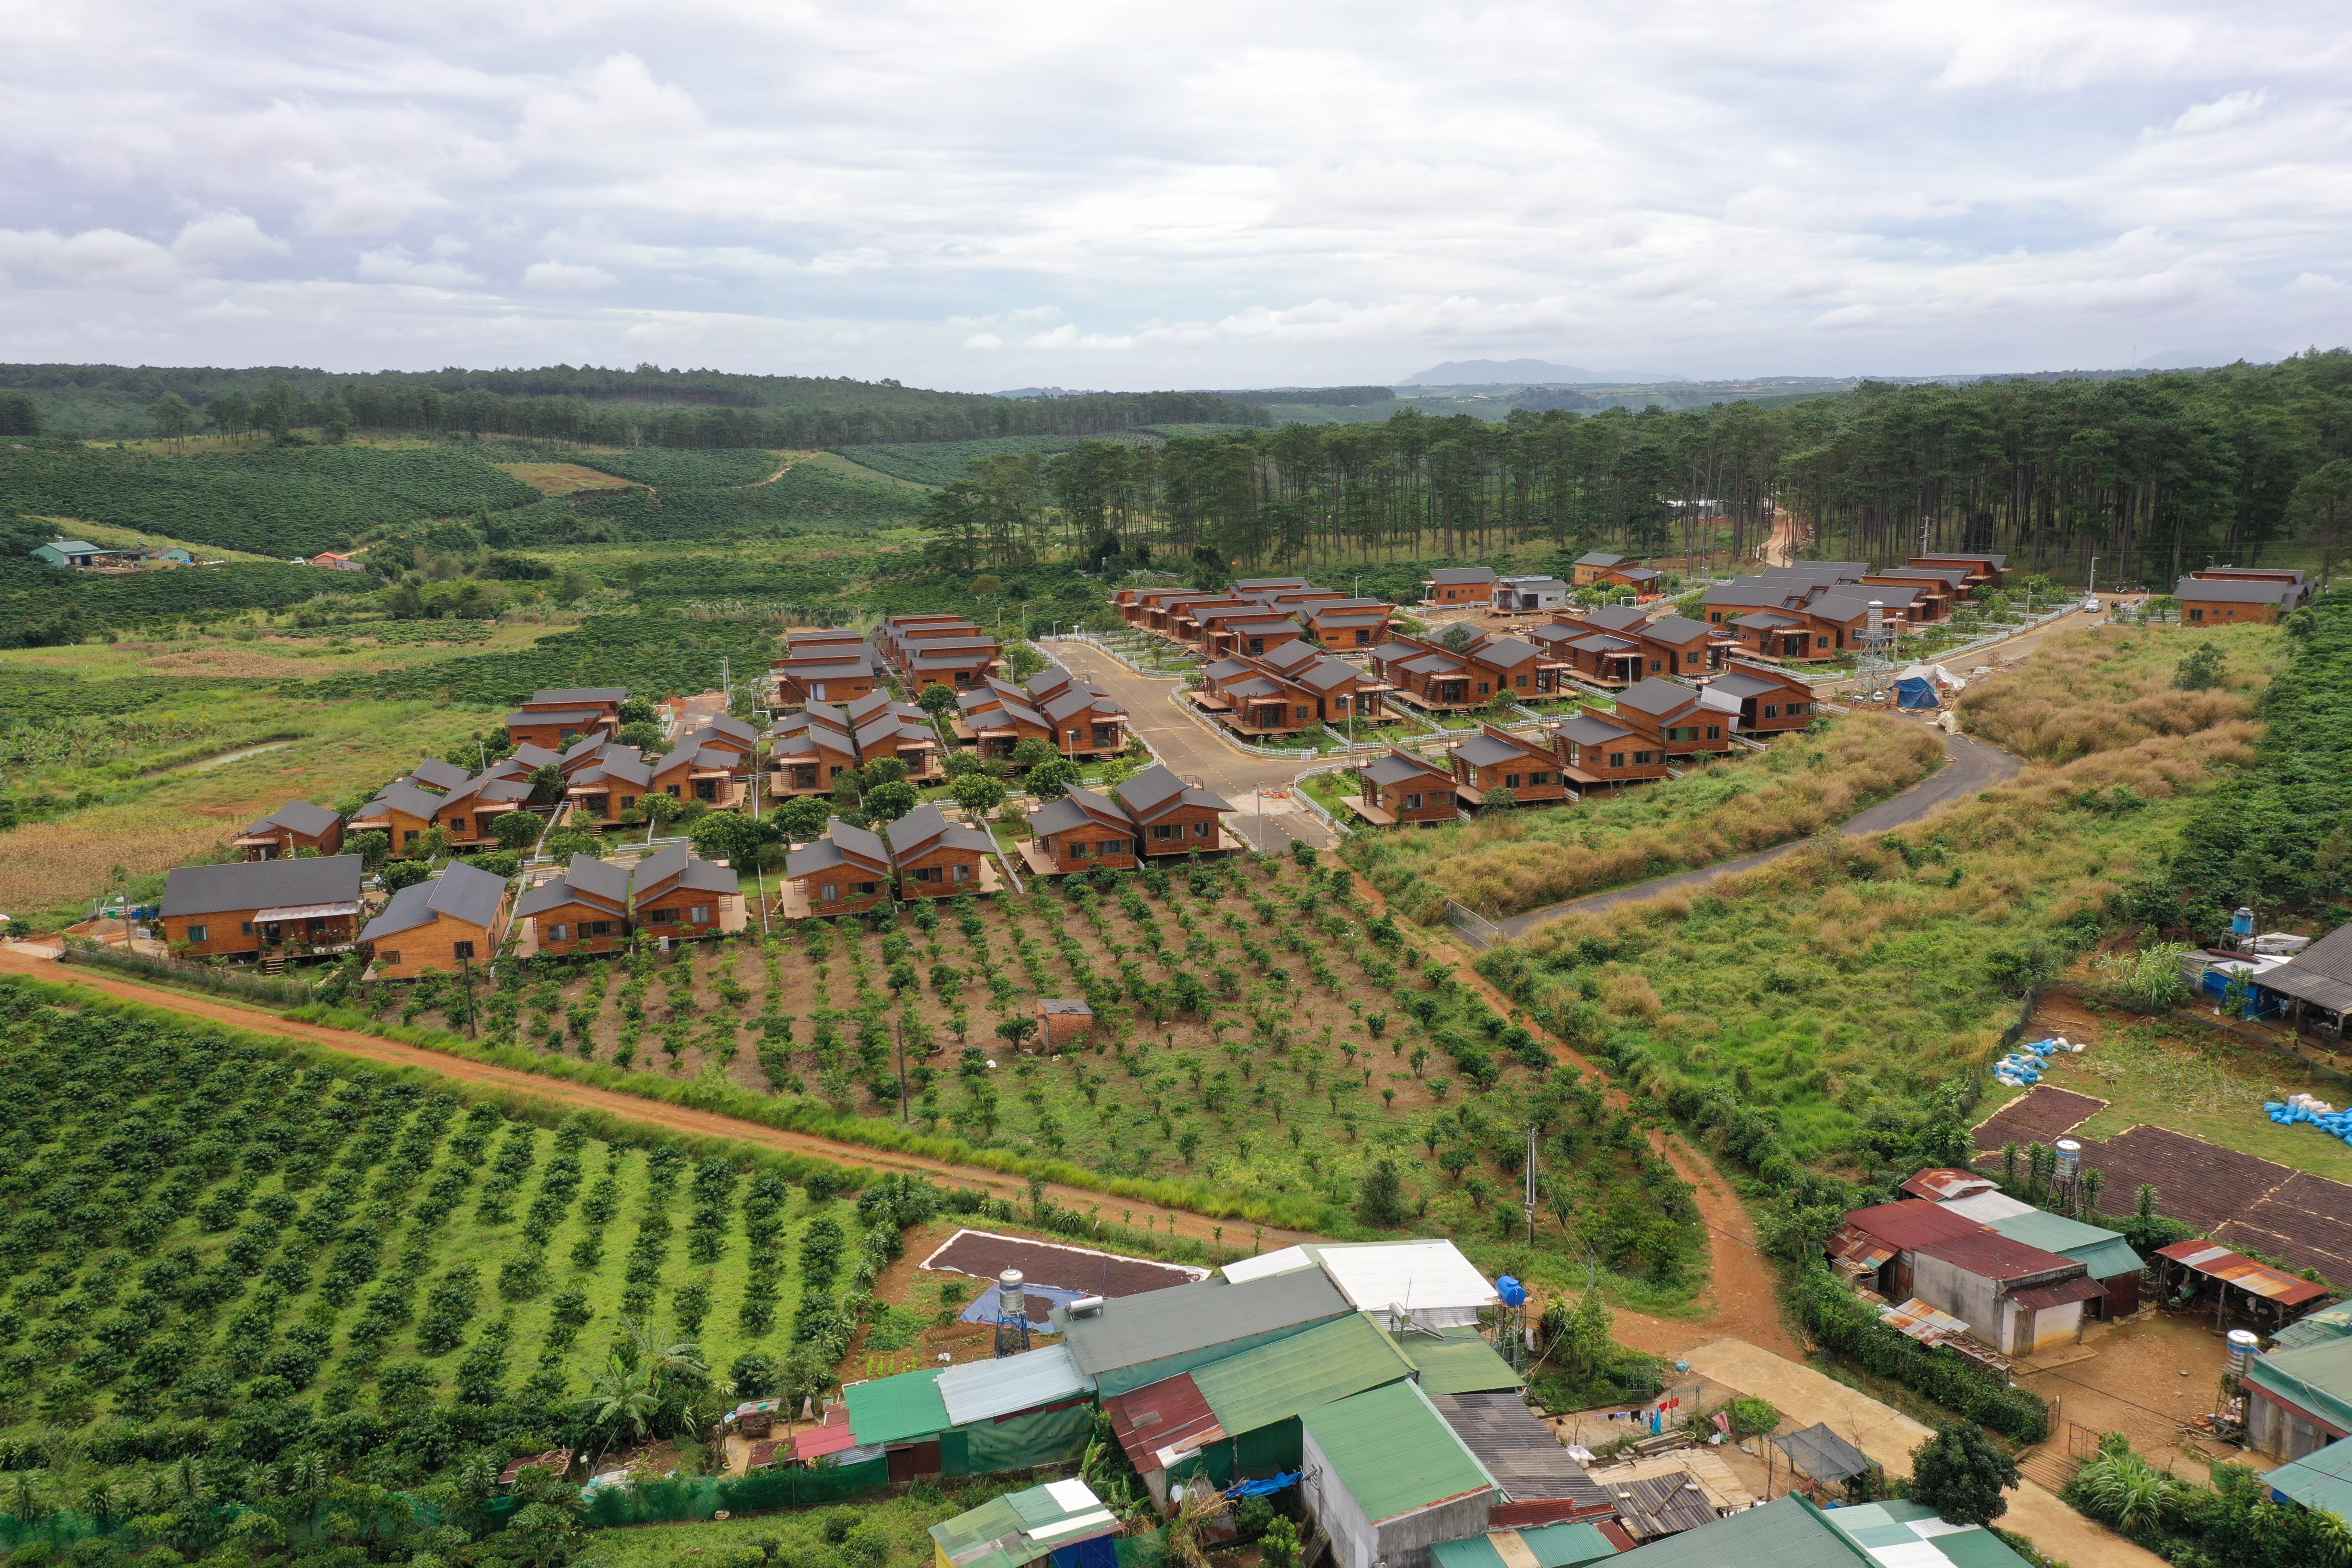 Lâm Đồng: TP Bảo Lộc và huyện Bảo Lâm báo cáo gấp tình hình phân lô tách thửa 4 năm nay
----------------
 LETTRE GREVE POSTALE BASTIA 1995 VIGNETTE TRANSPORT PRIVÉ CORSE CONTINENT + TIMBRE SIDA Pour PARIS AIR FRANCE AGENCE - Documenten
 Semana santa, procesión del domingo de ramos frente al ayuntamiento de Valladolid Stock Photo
----------------
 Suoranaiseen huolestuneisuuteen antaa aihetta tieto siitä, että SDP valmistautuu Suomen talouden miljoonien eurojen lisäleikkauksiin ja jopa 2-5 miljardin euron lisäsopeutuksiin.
----------------
> Activity: Reproduce exactly the entries above, limited to the lines from the one with "LETTRE GREVE POSTALE" through the one with "Semana santa, procesión", both included.

> Answer to the problem:
 LETTRE GREVE POSTALE BASTIA 1995 VIGNETTE TRANSPORT PRIVÉ CORSE CONTINENT + TIMBRE SIDA Pour PARIS AIR FRANCE AGENCE - Documenten
 Semana santa, procesión del domingo de ramos frente al ayuntamiento de Valladolid Stock Photo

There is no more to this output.